BEGIN Supplied information
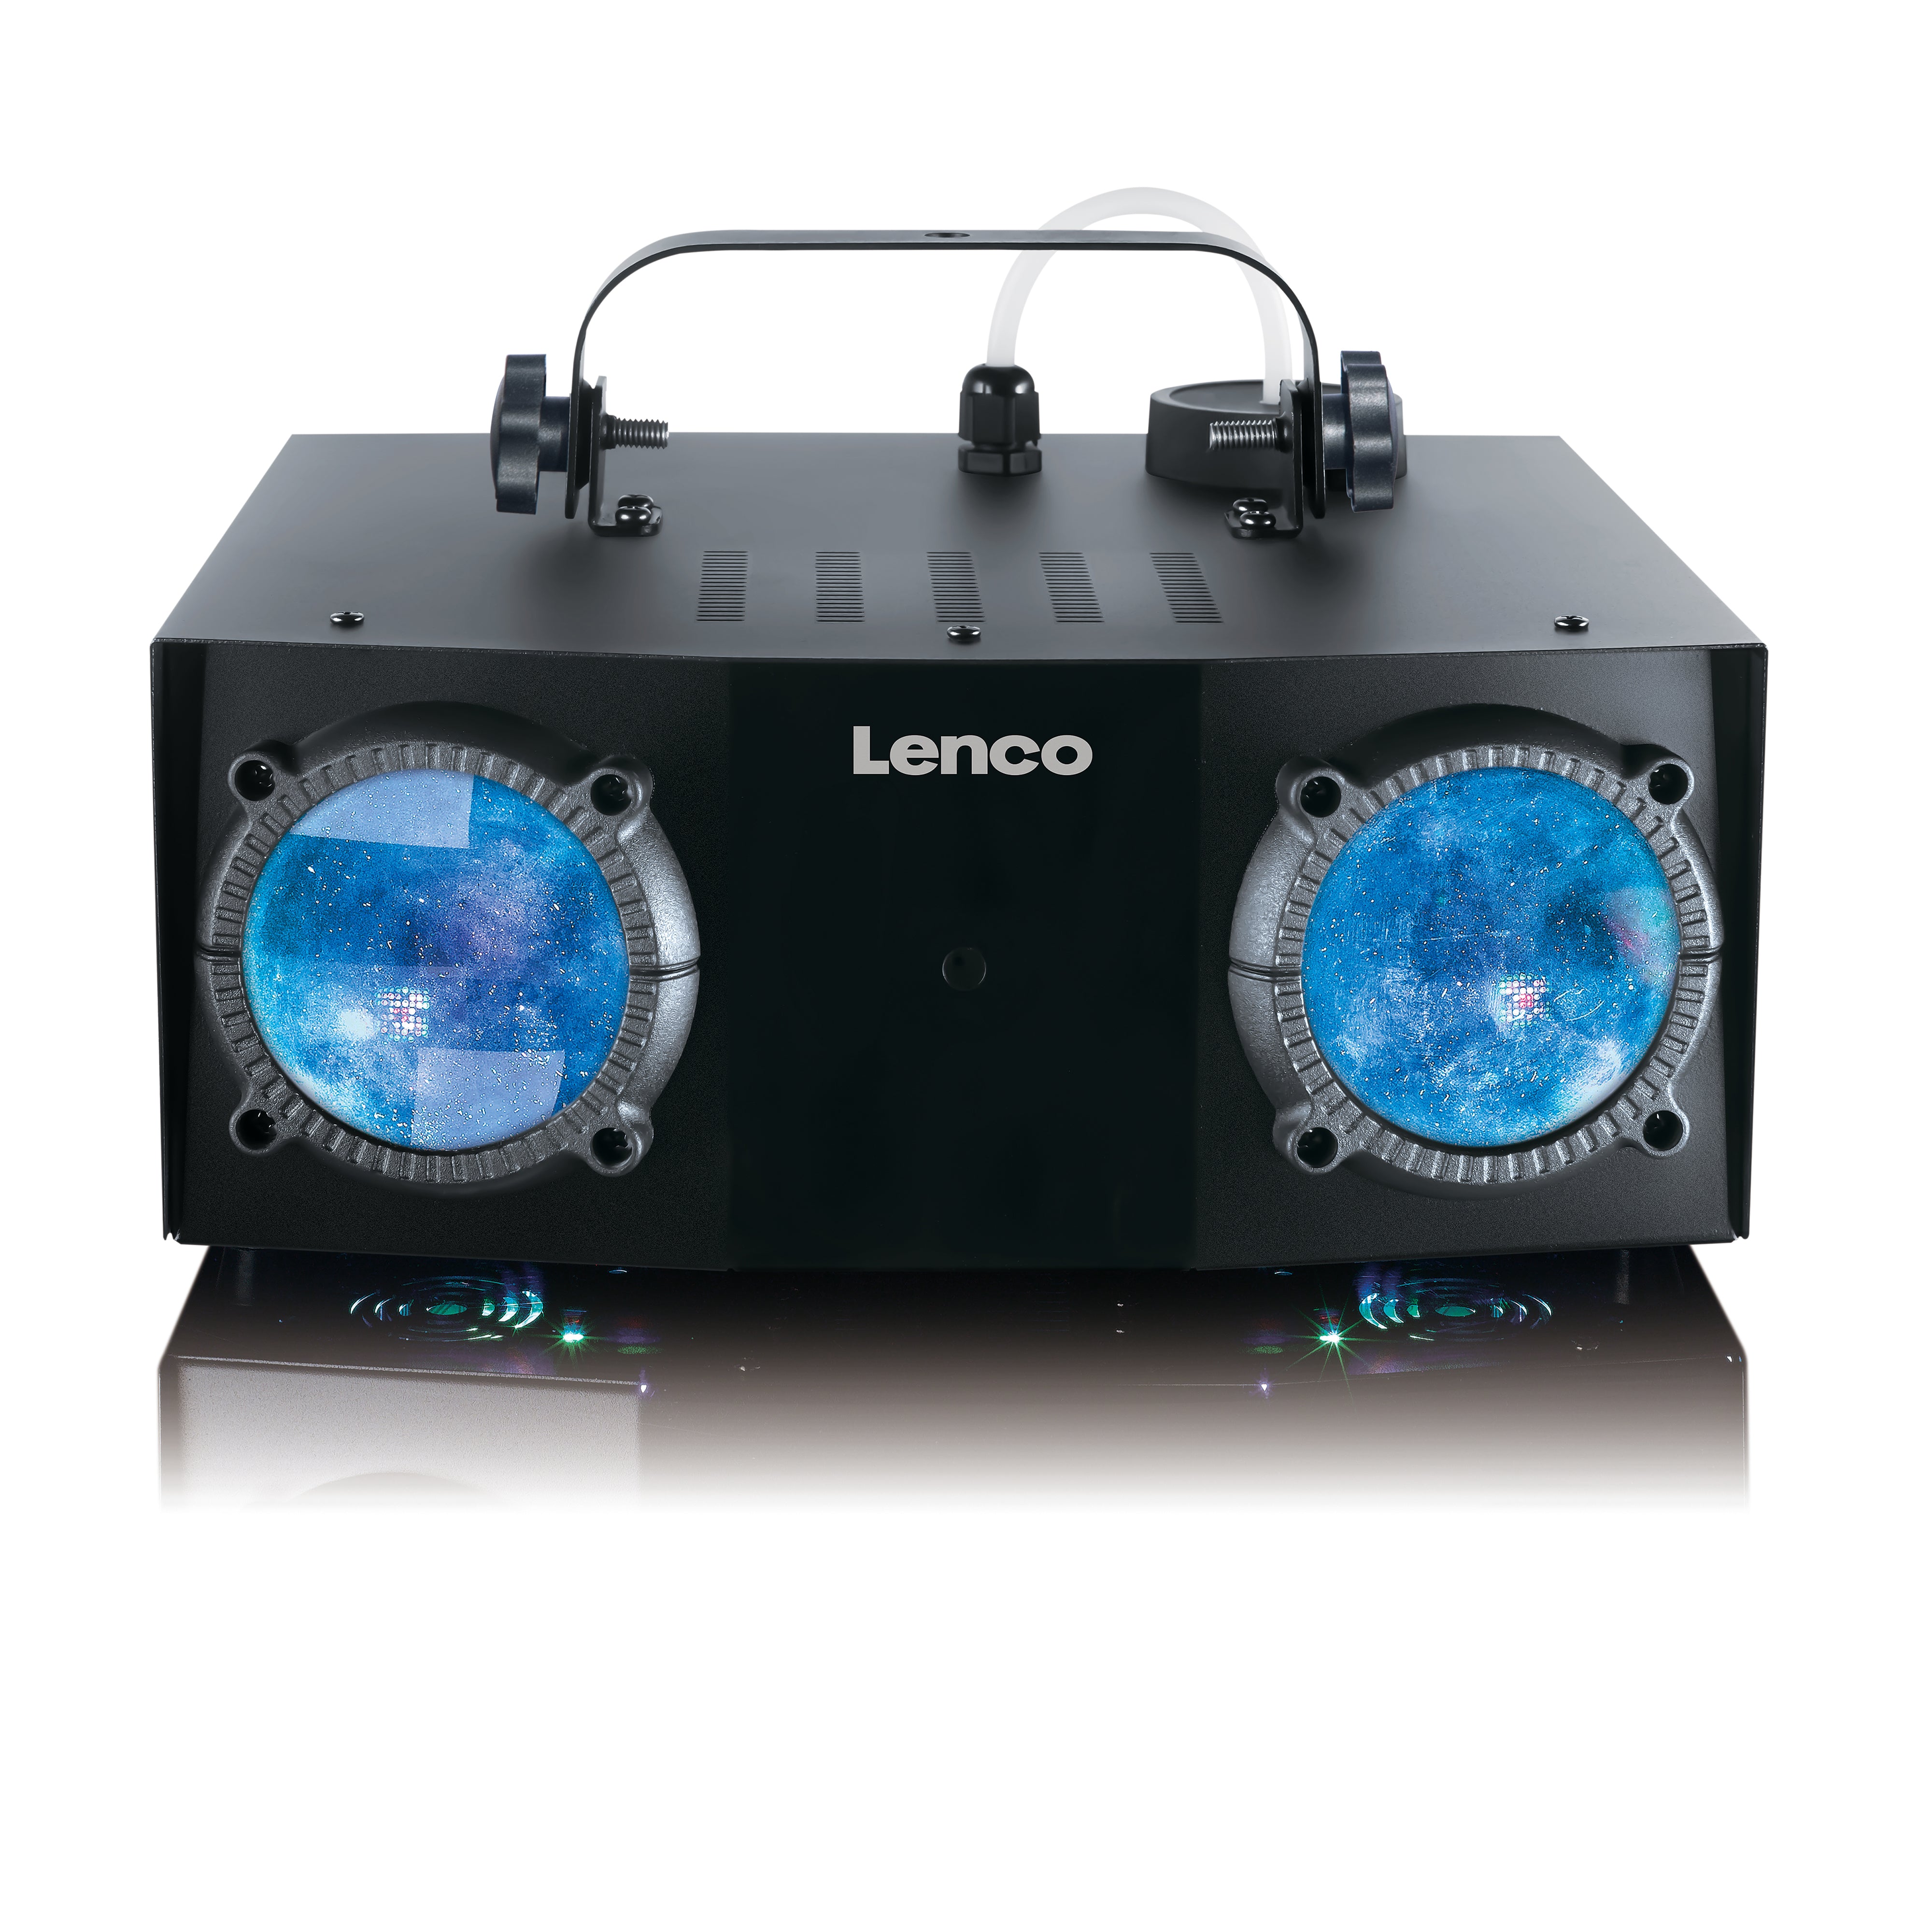 LENCO LFM-110BK - and machine party Lenco LED – Matrix -Catalog light fog Dual
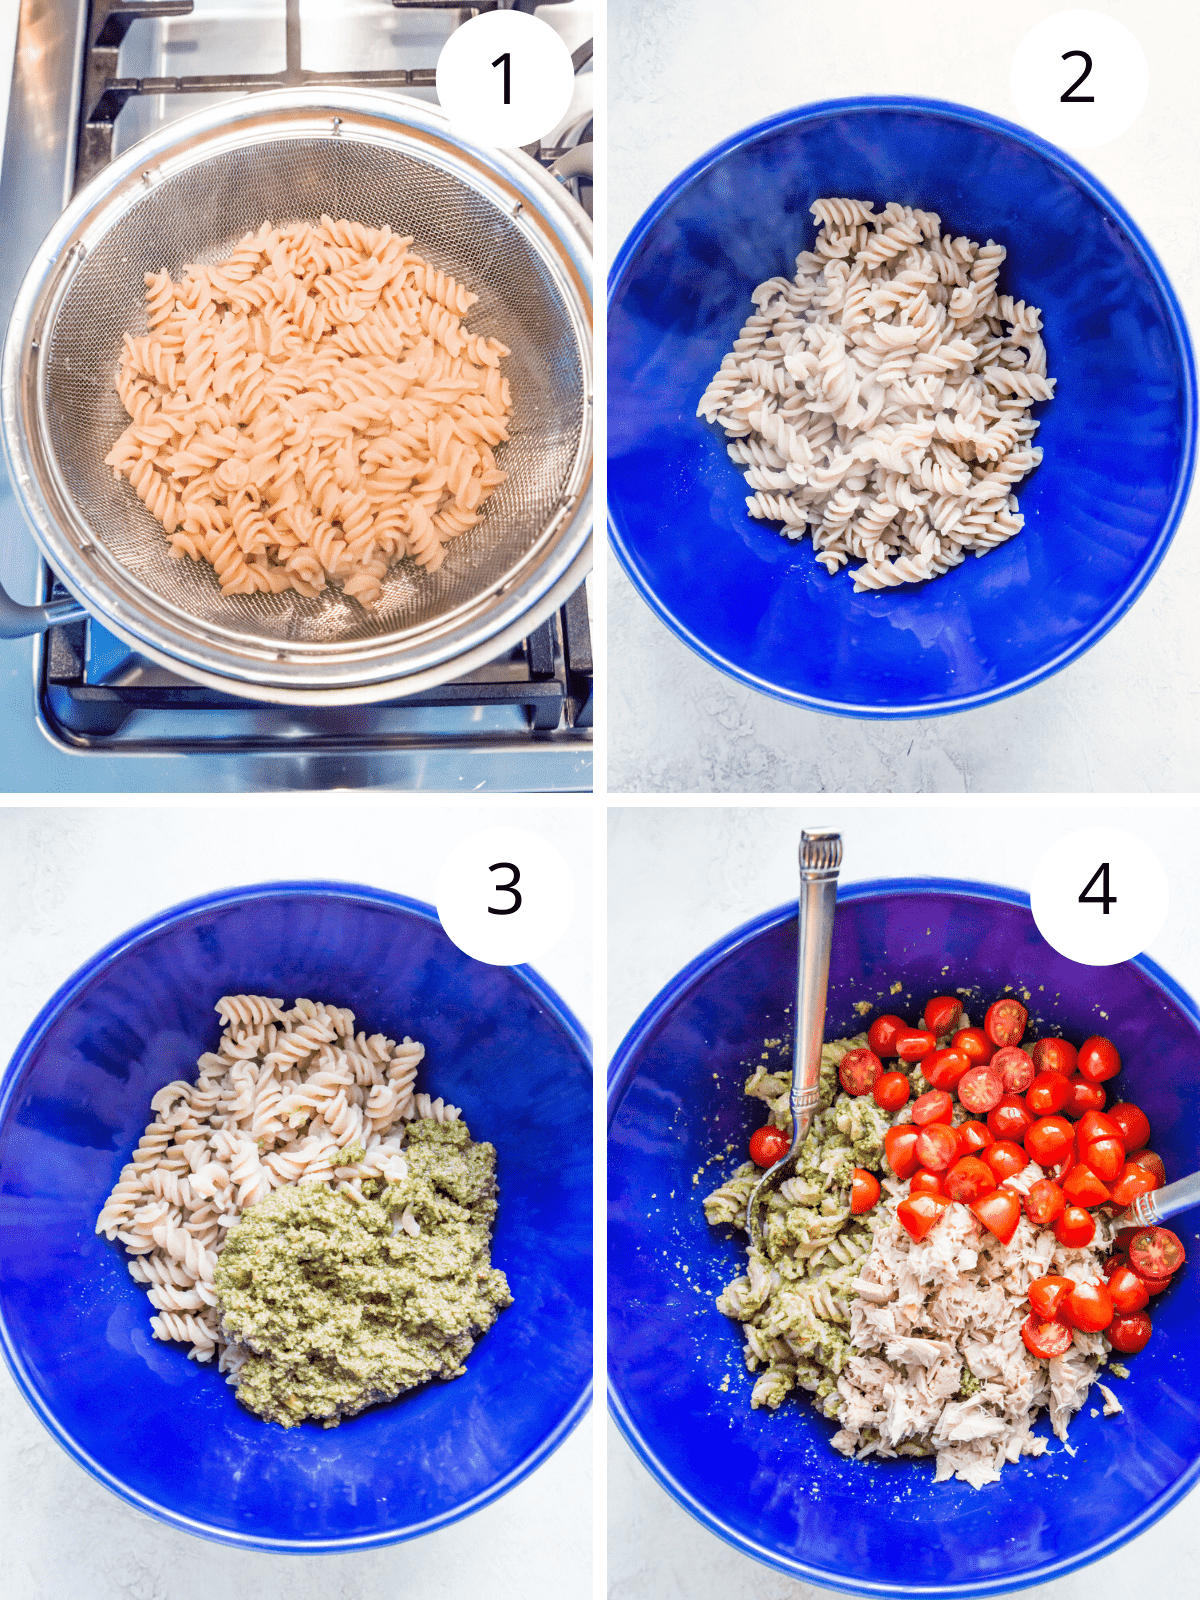 Directions for making tuna pesto pasta
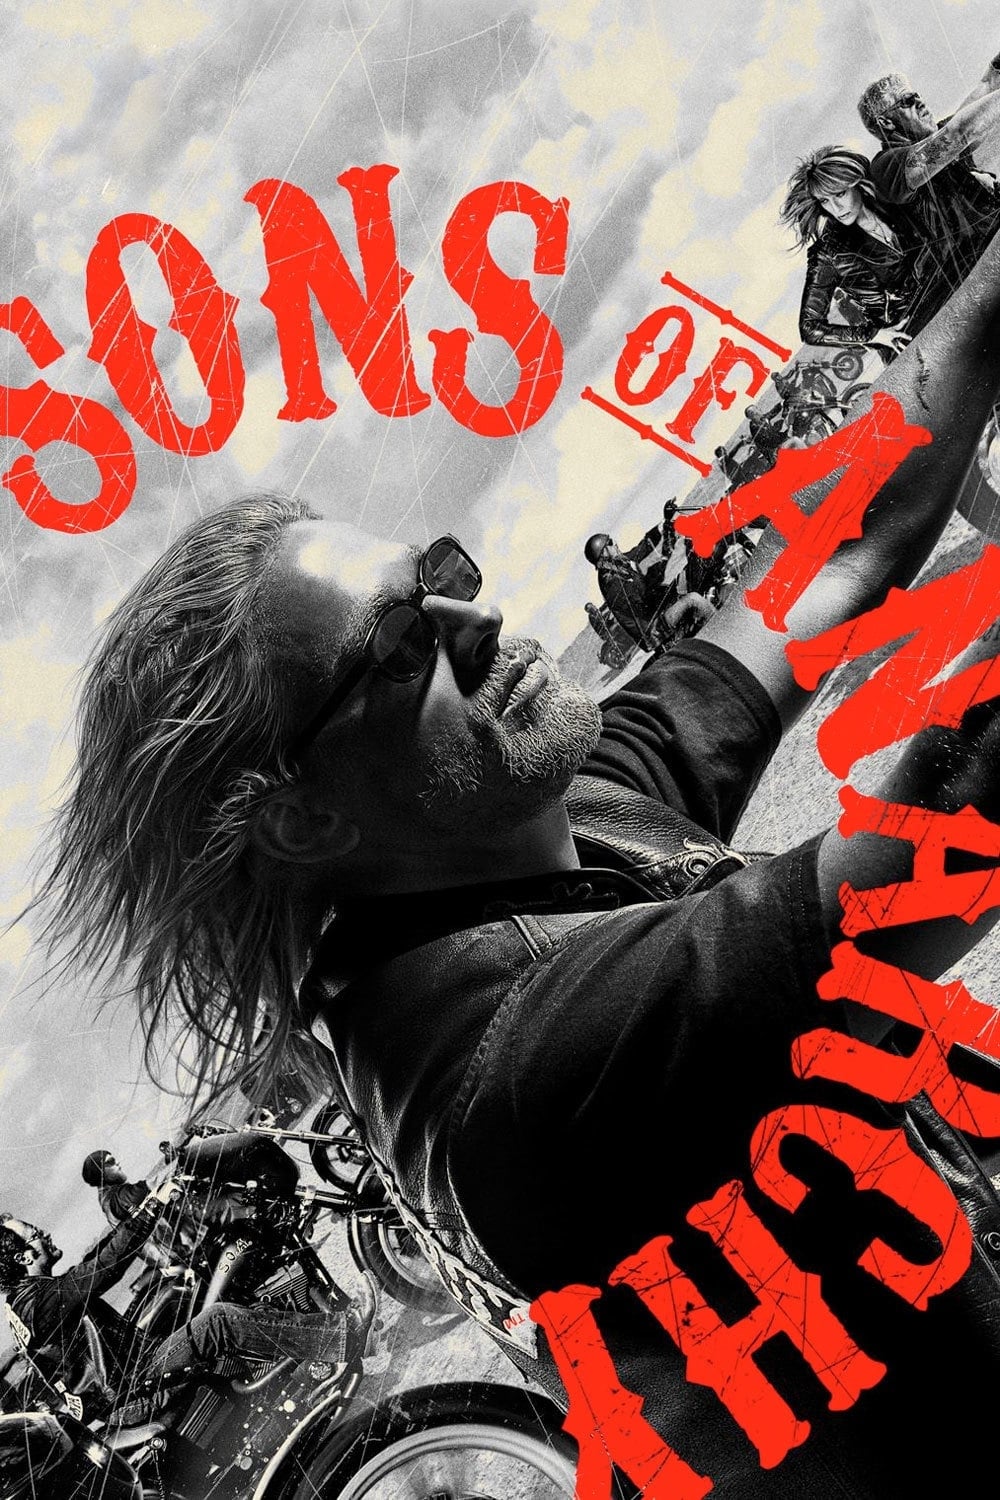 Sons of Anarchy (2008 - 2014) Seizoen 2 Disc 1 BD50
END Supplied information
Your goal: Please reproduce, exactly and only, the lines from the line containing "Directions for making tuna pesto pasta" through the last line of the material above, minus any pictures.

Reply to the exercise:
 Directions for making tuna pesto pasta
 Sons of Anarchy (2008 - 2014) Seizoen 2 Disc 1 BD50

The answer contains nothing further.